Saturday, May 26, 2012

SCORE! Vintage Trapper Keeper!

Much like lunch boxes, the type of folder/notebook configuration you carried while in grade school could make or break your social status. Nobody wanted to be that kid that had to lug his homework around in a navy blue three ring binder that said "I Got Financed by Deerfield Bank & Loan". No, we wanted brand name school supplies. If we were going to have to look at this thing all year, it needed to be badass. It needed to have pockets and velcro. It need to double as a Hot Wheels car ramp or a bully-repellant (yes, i once whacked a bigger kid in the face with one of these). It needed to carry not only our homework, but our artistic masterpieces, our current favorite comic books and the occasional stashed love note from that cute girl in the third row.
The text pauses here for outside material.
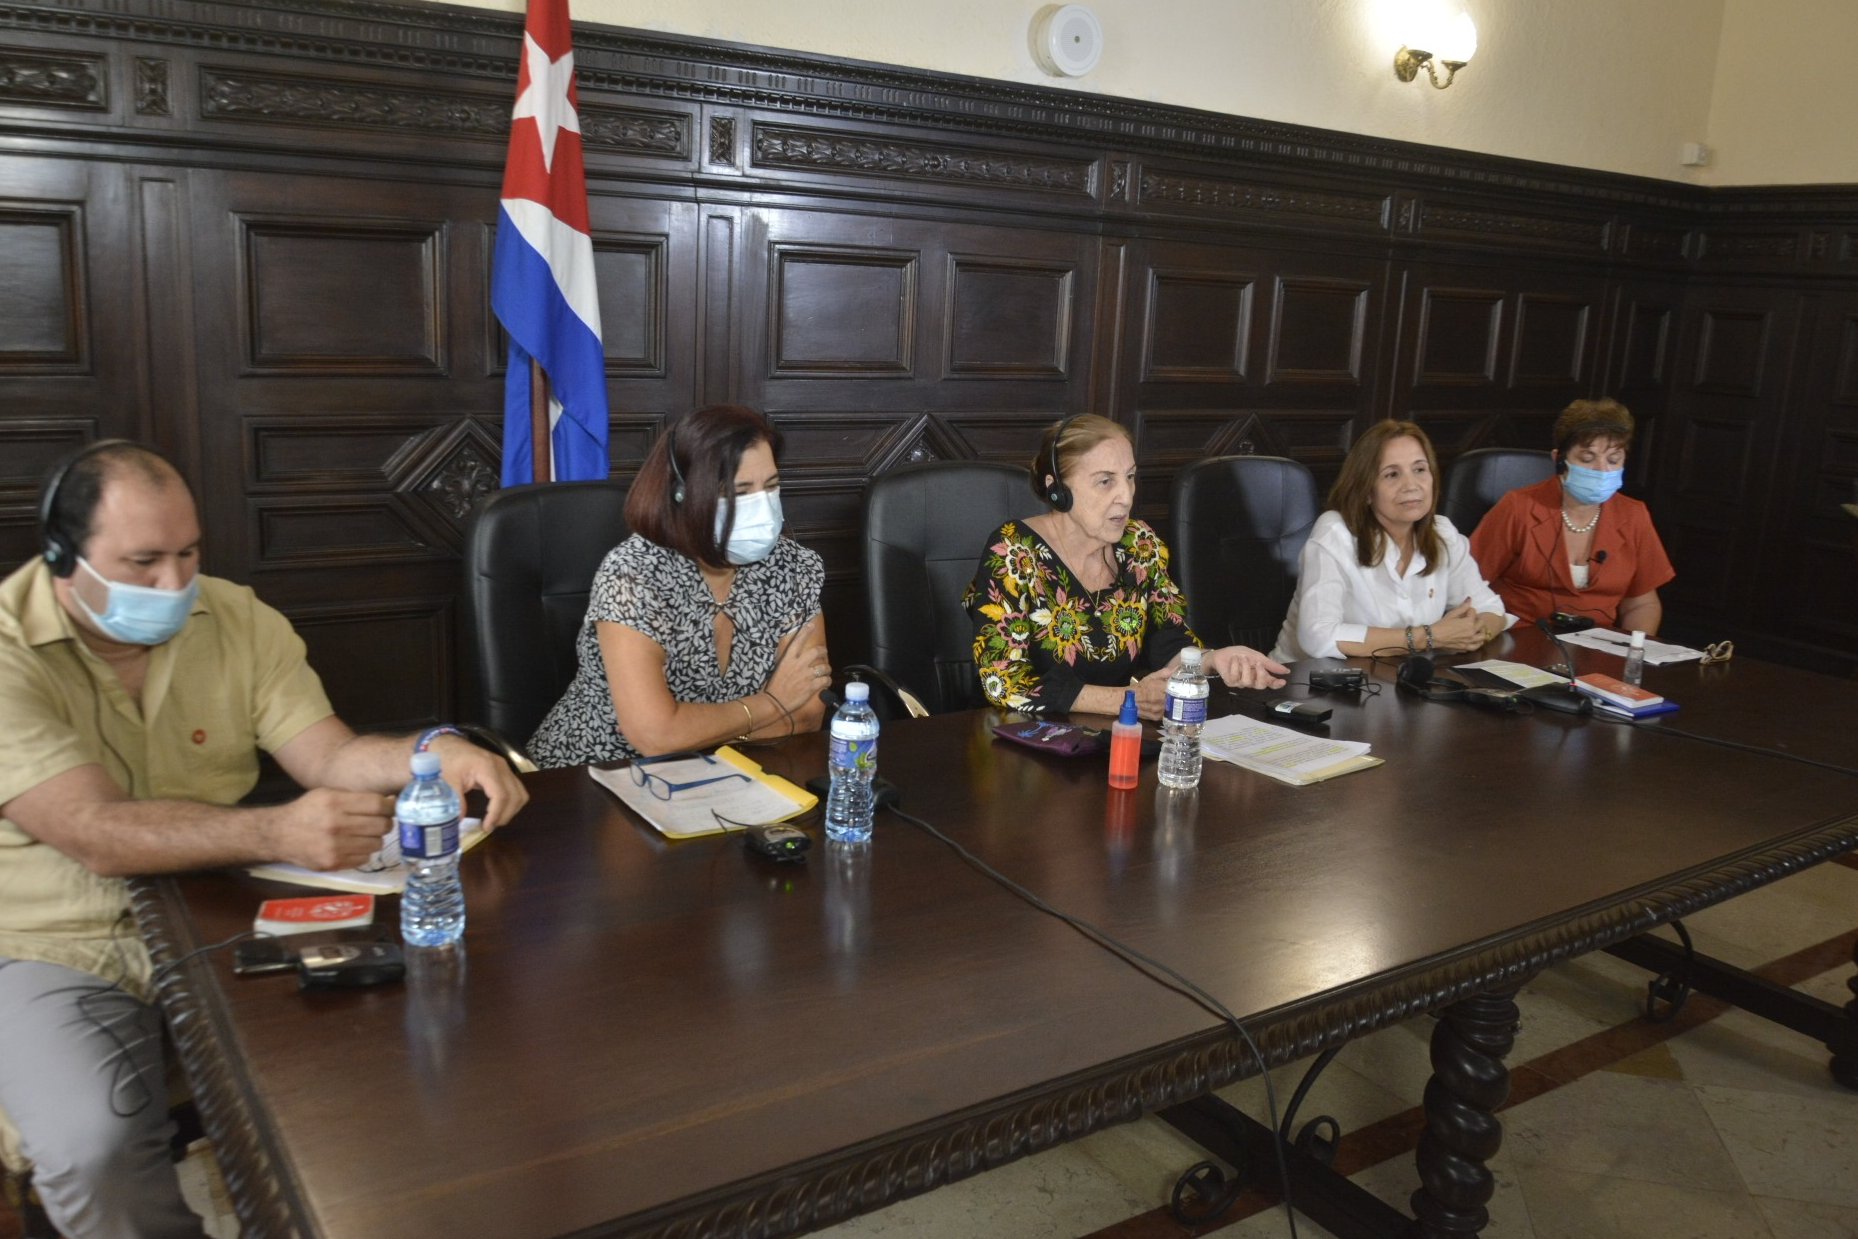 La diputada Ana María Mari Machado, vicepresidenta de la Asamblea Nacional (segunda de derecha a izquierda), saludó a los presentes y dijo que encuentros como este permiten abordar temas de interés común para el desarrollo y bienestar de nuestros pueblos

It had to be a Trapper Keeper.


I got my first Trapper Keeper in 4th grade, in 1982. It was a sleek basic red model, and back then, most Trapper Keepers were a single color. Later, they would come adorned with zany graphics of dinosaurs riding skateboards and whatnot, but in my day, it was all about clean, crisp primary colors.


I would get a new Trapper Keeper every school year up through 8th grade (in 5th grade, I went for the beautiful blue model seen in these pics). For a kid that hated school (well, I hated homework, teachers, learning and that kind of stuff, but loved school because that's where all my friends were), I sure got all excited about new school supplies every year, and the Trapper Keeper was sort of the king of all school supplies as far as I was concerned. Your notebooks, pencils, rulers, erasers and all other manner of school necessities were sort of like little star fighters and troop transports and my Trapper Keeper was the mothership.
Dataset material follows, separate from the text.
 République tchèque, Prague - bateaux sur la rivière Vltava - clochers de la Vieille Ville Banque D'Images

After searching for ages for just the right Trapper Keeper (and one that's affordable), I finally scored this little beauty on eBay for under $20 (many of them go for $50-$100 on eBay). When I finally got in in the mail, the very first thing I did was rip open that velcro and pull over the side pocket flap, only to get hit square in the face with the scents of freshly sharpened pencils, flecks of Crayola crayons and the rubbery flakes of those classic pink erasers, with just the slightest hint of ball point pen ink.
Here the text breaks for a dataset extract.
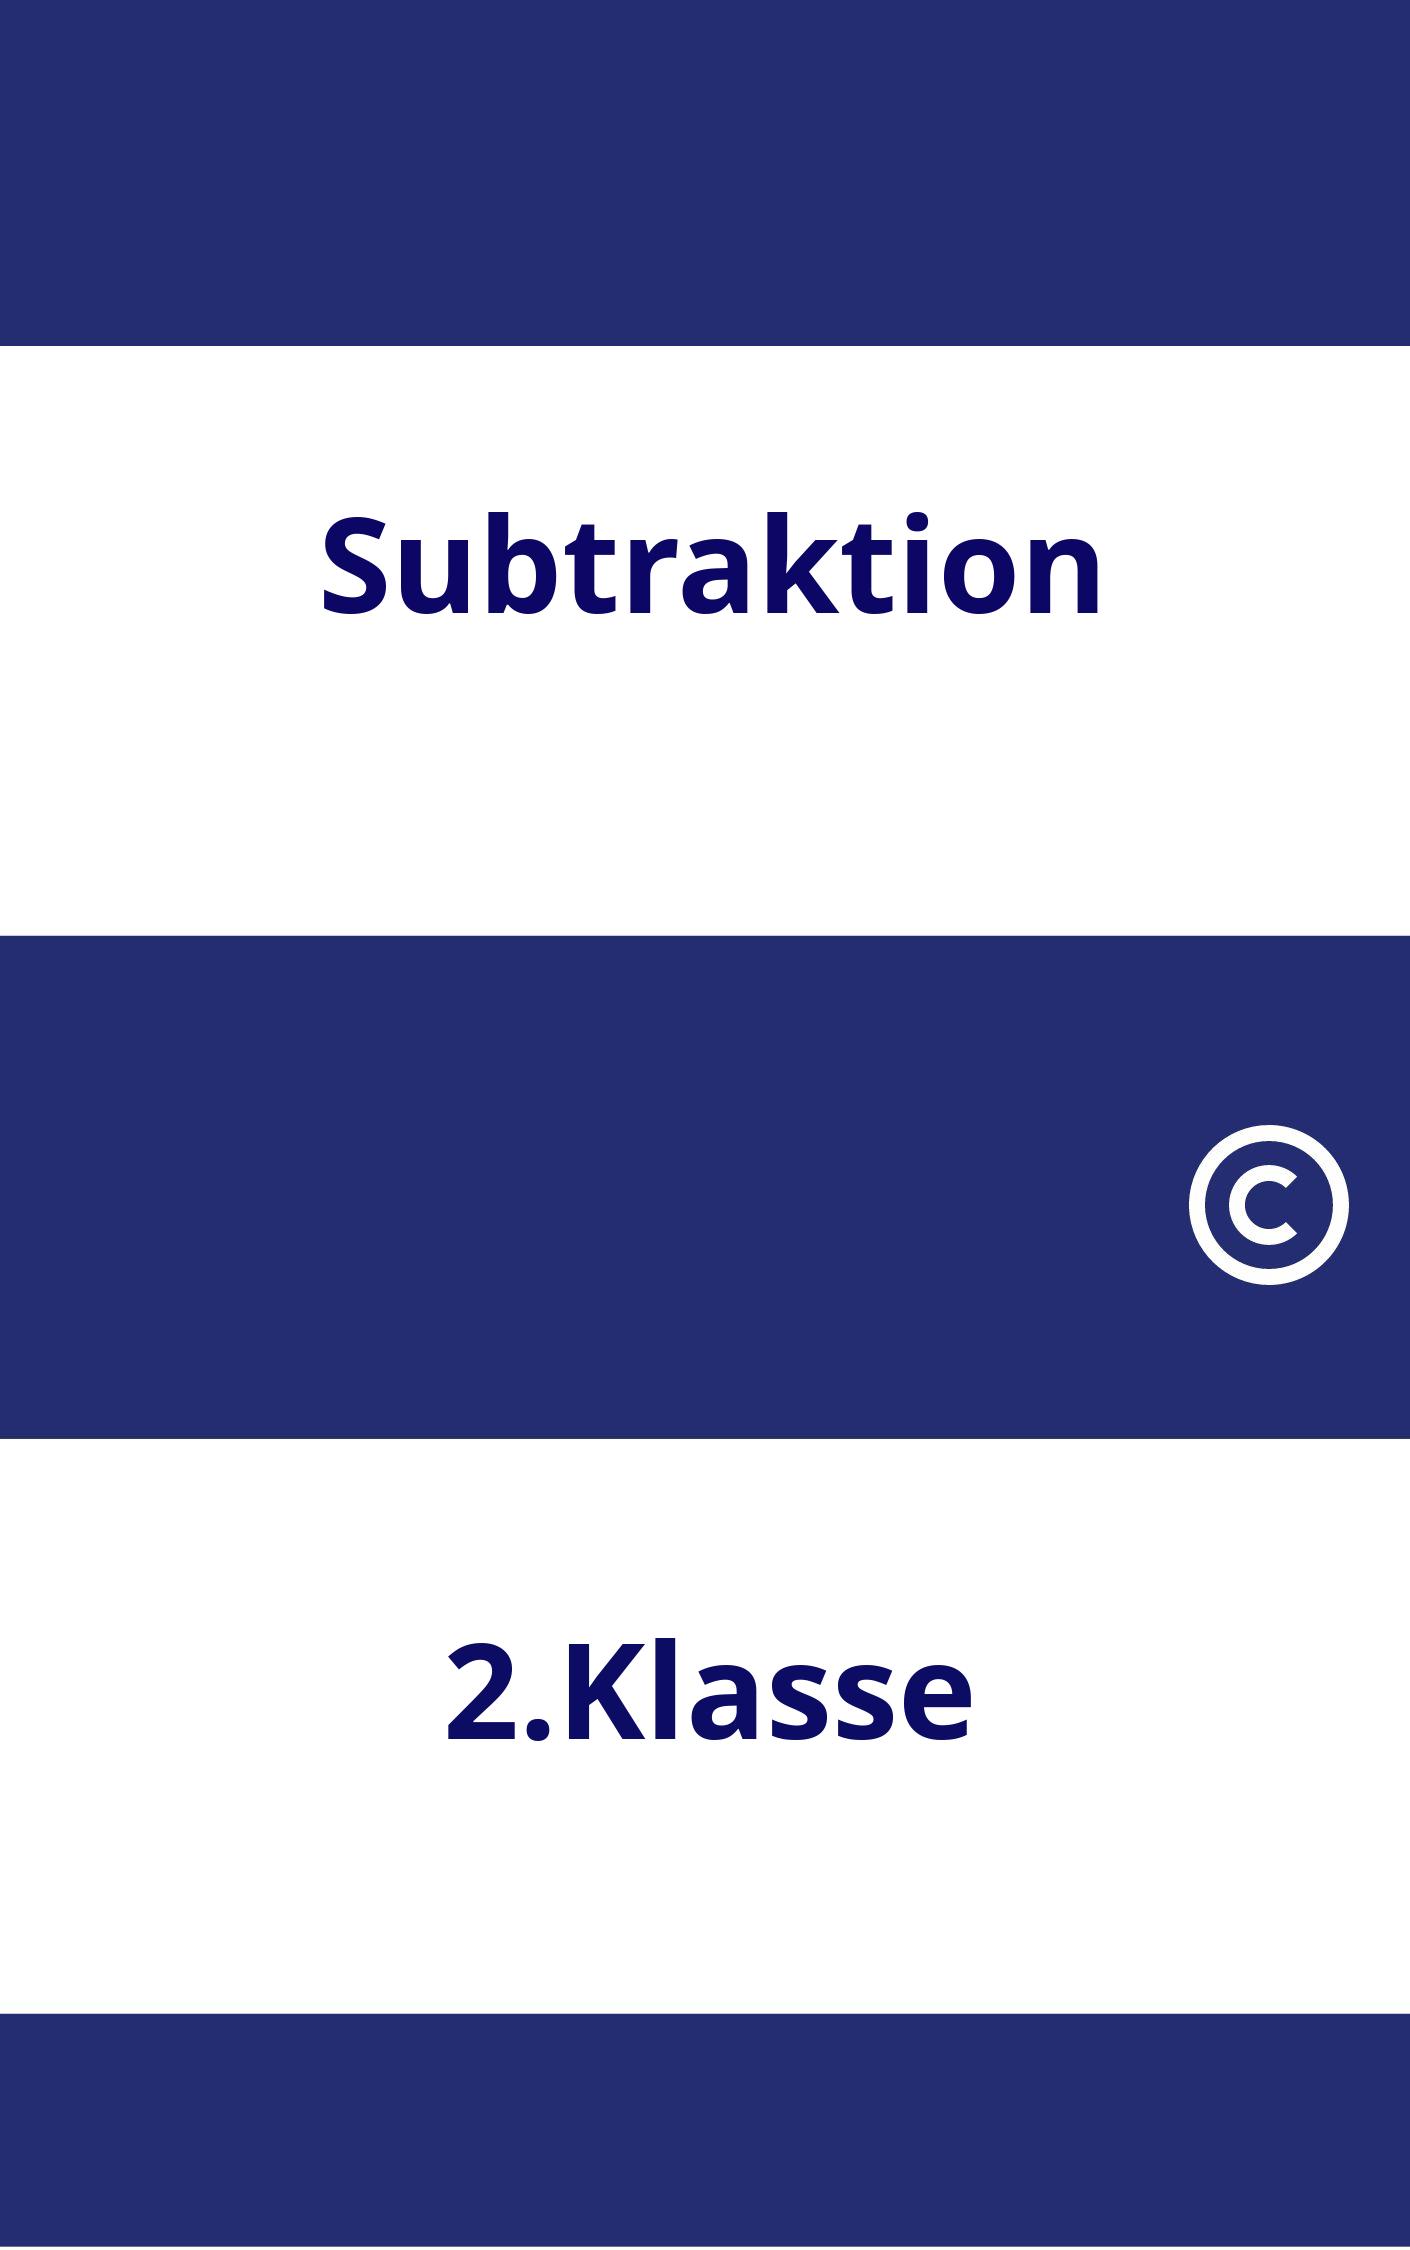 Subtraktion 2.Klasse Arbeitsblätter PDF

This was a time capsule grade school memories and I had triggered the trap.

Trapper Keepers consist of several compartments and features, such as the inner pocket, which in my day was often tested to the limits of its holding power, stretched out by comic books, action figure backing cards and the occasional construction paper Mother's Day card.


The opposite end of the Trapper Keeper consisted of the closing flap. One memory I'd forgotten about bubbled to the surface when I saw the interior pattern where the flap folded over, which was made up of small rectangular divots that in moments of boredom in class (of which there were many) I would fill in with black pen. The urge to do this again was powerful but I managed to fight it off.


This particular find came with the added bonus of having all three of the original folders (or Portfolios) inside. Each brand new Trapper Keeper came with three folders, a read, blue and green one. You could always buy more to add to your Trapper Keeper and I often did about halfway through the school year, since these cardboard folders often wore out by Christmas, thus allowing you the chance to add a little spice to you Trapper Keeper by purchasing a folder with Garfield or Smurfs on it. Or maybe a dinosaur riding a skateboard.


One of my favorite things about the portfolios in the Trapper Keeper was the fact that they were packed full of great information. In fact, it took a while for our teachers to catch on to this and I totally remember having to fill out a sheet with our multiplication tables and I thought, Hey! I know where I saw this before! and immediately began to copy it all down. I didn't think of it as cheating at the time, i just thought I was being resourceful. Anyway, got a 100% on that one.


Click to embiggen to learn all kinds of great stuff about measurements and metric conversions. Heck, I need this info in my life now.


So, now I own an exact replica of my original 5th grade Trapper Keeper (that's the year I picked out the blue one), minus all of the Star Wars drawings and inner pocket packed to bursting with trading cards. But thanks to my penchant for nostalgia and collector's fever, I can make that happen again as well.


By sheer coincidence (I swear!), Branded in the 80s just posted a great write up on vintage Trapper Keepers, too, and I strongly suggest you check it out. I only mention this because I had already planned this post when theirs went up and I just want to make sure that nobody thinks I'm a big, fat copycat.

Unless you ask me to write down the multiplication tables, of course.